Opinion
34989.
DECIDED JANUARY 20, 1954. REHEARING DENIED FEBRUARY 13, 1954.
Violating traffic regulations. Before Judge Baldwin. Macon City Court. October 30, 1953.
Virgil H. Shepard, for plaintiff in error.
O. L. Long, Solicitor, contra.
The evidence authorized the conviction of the defendant for violating Code §§ 68-303 (a, c) and 26-8116, upon which the accusation was based, and it was not error to deny the deny the defendant's motion for a new trial, based on the general grounds only.
DECIDED JANUARY 20, 1954 — REHEARING DENIED FEBRUARY 13, 1954.
Walter Booker was tried in the City Court of Macon upon an accusation charging that he, on July 1, 1953, committed within the court's jurisdiction a certain misdemeanor, growing out of his alleged unlawful operation of a motor vehicle in Bibb County, along Dempsey Avenue, a public street and highway in said county. This accusation was drawn in four distinct counts. The first charged that the accused on said date failed to place the right side of his automobile, while not in motion, as near to the right side of said highway as practicable. The second count charged that the accused in meeting another vehicle coming from the opposite direction on said highway, failed to turn his vehicle to the right of the center of the highway so that said cars could pass without interference. The third count charged that the accused did at that time unlawfully, intentionally, wantonly, and recklessly drive his automobile against Mrs. D. W. Sapp, striking and injuring her. The fourth count of the accusation charged that the accused did on said date unlawfully, wilfully, and maliciously injure and destroy the private property of Mrs. D. W. Sapp by wilfully and wantonly running his automobile into and damaging her automobile. To this accusation the accused entered a plea of not guilty. Said case on September 1, 1953, came on for trial before a judge and a jury, and after hearing the evidence and argument of counsel, the jury returned a verdict of guilty as charged in counts 1, 2, and 4 of the accusation. The court duly entered judgment and sentenced the defendant to be imprisoned in such place of detention as might be determined by the State Board of Corrections for a term of 18 months, to wit, to serve 90 days on count 1, 90 days on count 2, a total of 180 days, and on count 4 to serve 12 months on the State farm, same to be computed from the date of the final disposition of the motion for new trial, filed September 5, 1953. This judgment and sentence was dated September 5, 1953.

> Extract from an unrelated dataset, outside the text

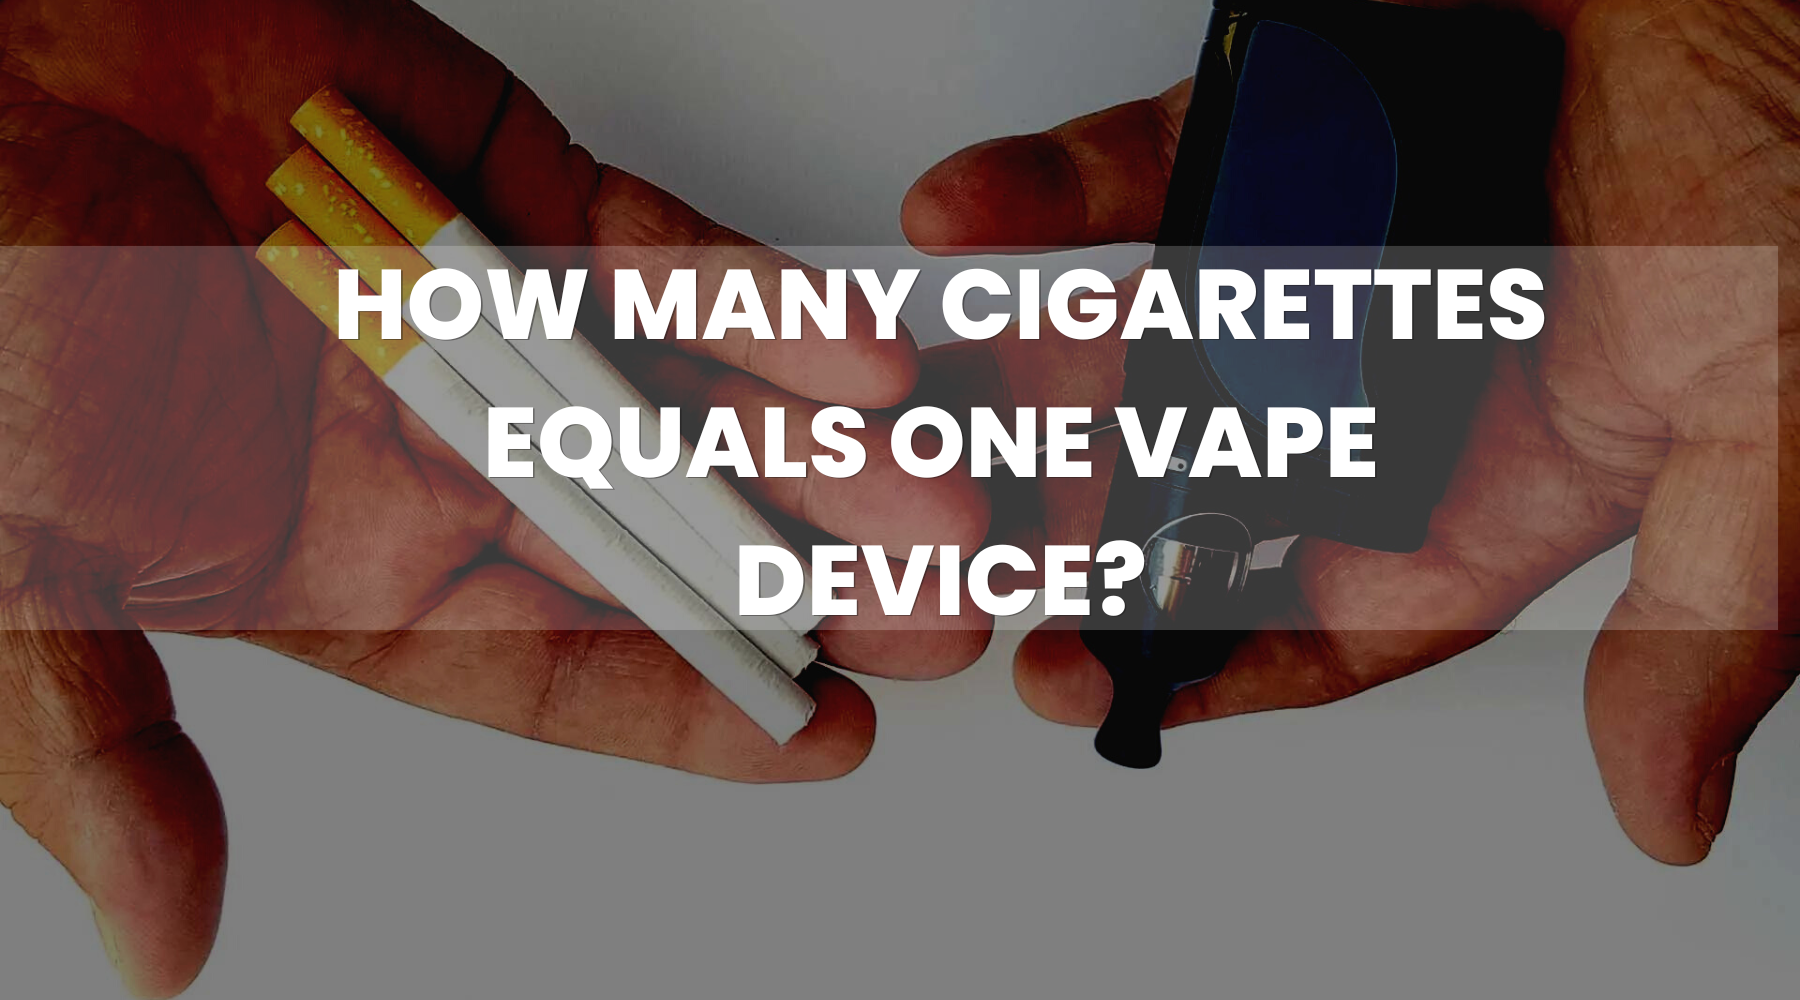 How Many Cigarettes Equals One Vape Device?

On September 5, 1953, the defendant filed a motion for new trial in the City Court of Macon, predicated solely on the usual general grounds. The trial judge denied this motion, and to this judgment the defendant excepted.
In count 1 of the accusation, the defendant is charged with having violated the provisions of Code § 68-303 (a), as follows: "Every person operating a vehicle upon the highways shall observe the following traffic rules and regulations: a. All vehicles not in motion shall be placed with their right sides as near the right side of the highway as practicable, except on city streets where traffic is obliged to move in one direction only." In count 2 the defendant was charged with having unlawfully operated his motor vehicle along the named public street and highway, in that, meeting another vehicle approaching from the opposite direction, he failed to turn his car to the right of the center of such street or highway "so as to pass without interference." Code § 68-303 (c). As to the law covering the above-cited paragraphs of the Georgia motor vehicle traffic regulations and law, see Harwell v. Blue's Truck Line, 187 Ga. 78 (3) ( 199 S.E. 739). See also State Farm Mutual Automobile Ins. Co. v. Henderson, 81 Ga. App. 541 ( 59 S.E.2d 319). Count 4 of the accusation, upon which the defendant was found guilty, was to the effect that the defendant at said time and place unlawfully, wilfully, and maliciously injured and destroyed the private property of Mrs. D. W. Sapp by wilfully and maliciously running his automobile into and damaging her automobile. Code § 26-8116 provides: "All other acts of wilful and malicious mischief, in the injuring or destroying any other public or private property not herein [in Ch. 26-81] enumerated, shall be misdemeanors." Where the State shows that the property described in the accusation was the private property of the person named therein and that same was wilfully injured or destroyed by the defendant in the manner and form alleged, a prima facie case is made out. Woods v. State, 10 Ga. App. 476 (3) ( 73 S.E. 608).
The jury were authorized to find that the defendant acted deliberately, wantonly, and wilfully relative to the operation of his automobile at the time and place set forth in the accusation, and as to his not providing a clear passage to Mrs. D. W. Sapp, approaching along said public highway and street, namely Dempsey Avenue, from the opposite direction, as a result of which the defendant wilfully ran into and damaged Mrs. Sapp's automobile. The conviction of this defendant on counts 1, 2, and 4 of said accusation was amply justified and authorized under the evidence, and the trial judge did not err in denying the motion for a new trial, based solely upon the general grounds.
Judgment affirmed. Townsend and Carlisle, JJ., concur.